WORK ORDER — Write only the number of lines below in which "ball" occurs.

TASK DATA —
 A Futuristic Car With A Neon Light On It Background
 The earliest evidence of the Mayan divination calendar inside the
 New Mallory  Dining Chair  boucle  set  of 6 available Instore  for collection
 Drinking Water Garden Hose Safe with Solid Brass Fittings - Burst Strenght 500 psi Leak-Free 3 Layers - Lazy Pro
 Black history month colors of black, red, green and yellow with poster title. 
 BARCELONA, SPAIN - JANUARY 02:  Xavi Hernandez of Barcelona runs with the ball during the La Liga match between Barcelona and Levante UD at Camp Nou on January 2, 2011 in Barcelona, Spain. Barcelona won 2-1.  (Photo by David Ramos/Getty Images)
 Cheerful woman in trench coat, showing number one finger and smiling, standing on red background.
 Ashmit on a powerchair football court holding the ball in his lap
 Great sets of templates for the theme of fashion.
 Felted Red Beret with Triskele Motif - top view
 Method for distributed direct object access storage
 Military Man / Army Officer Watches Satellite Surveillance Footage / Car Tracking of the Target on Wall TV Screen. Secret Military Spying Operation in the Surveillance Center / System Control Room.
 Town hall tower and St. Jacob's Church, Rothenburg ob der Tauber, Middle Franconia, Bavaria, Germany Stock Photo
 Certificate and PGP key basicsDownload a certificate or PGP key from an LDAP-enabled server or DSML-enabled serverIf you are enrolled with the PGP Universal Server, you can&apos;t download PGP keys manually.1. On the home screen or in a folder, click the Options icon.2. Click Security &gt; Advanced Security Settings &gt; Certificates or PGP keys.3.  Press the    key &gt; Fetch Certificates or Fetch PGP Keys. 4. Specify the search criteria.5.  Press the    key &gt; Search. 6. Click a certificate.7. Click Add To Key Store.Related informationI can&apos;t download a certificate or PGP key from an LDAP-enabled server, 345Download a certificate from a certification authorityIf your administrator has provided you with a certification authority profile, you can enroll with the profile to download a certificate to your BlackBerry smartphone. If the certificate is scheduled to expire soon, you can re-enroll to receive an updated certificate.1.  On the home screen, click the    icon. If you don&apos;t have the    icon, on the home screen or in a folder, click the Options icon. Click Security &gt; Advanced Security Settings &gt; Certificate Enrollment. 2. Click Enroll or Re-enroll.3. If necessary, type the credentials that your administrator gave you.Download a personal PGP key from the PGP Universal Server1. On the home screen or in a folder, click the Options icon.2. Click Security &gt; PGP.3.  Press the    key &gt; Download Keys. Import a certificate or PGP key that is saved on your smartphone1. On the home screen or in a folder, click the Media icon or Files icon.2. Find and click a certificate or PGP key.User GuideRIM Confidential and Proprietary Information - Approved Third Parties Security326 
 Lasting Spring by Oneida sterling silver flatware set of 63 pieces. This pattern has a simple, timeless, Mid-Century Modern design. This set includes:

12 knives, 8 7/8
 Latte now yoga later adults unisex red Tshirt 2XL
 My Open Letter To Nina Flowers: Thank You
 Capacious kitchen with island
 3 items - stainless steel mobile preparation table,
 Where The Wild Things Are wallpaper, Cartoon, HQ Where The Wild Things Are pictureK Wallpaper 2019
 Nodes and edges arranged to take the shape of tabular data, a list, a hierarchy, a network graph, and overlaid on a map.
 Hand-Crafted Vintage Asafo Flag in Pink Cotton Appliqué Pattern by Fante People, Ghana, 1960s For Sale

YOUR SOLUTION — 2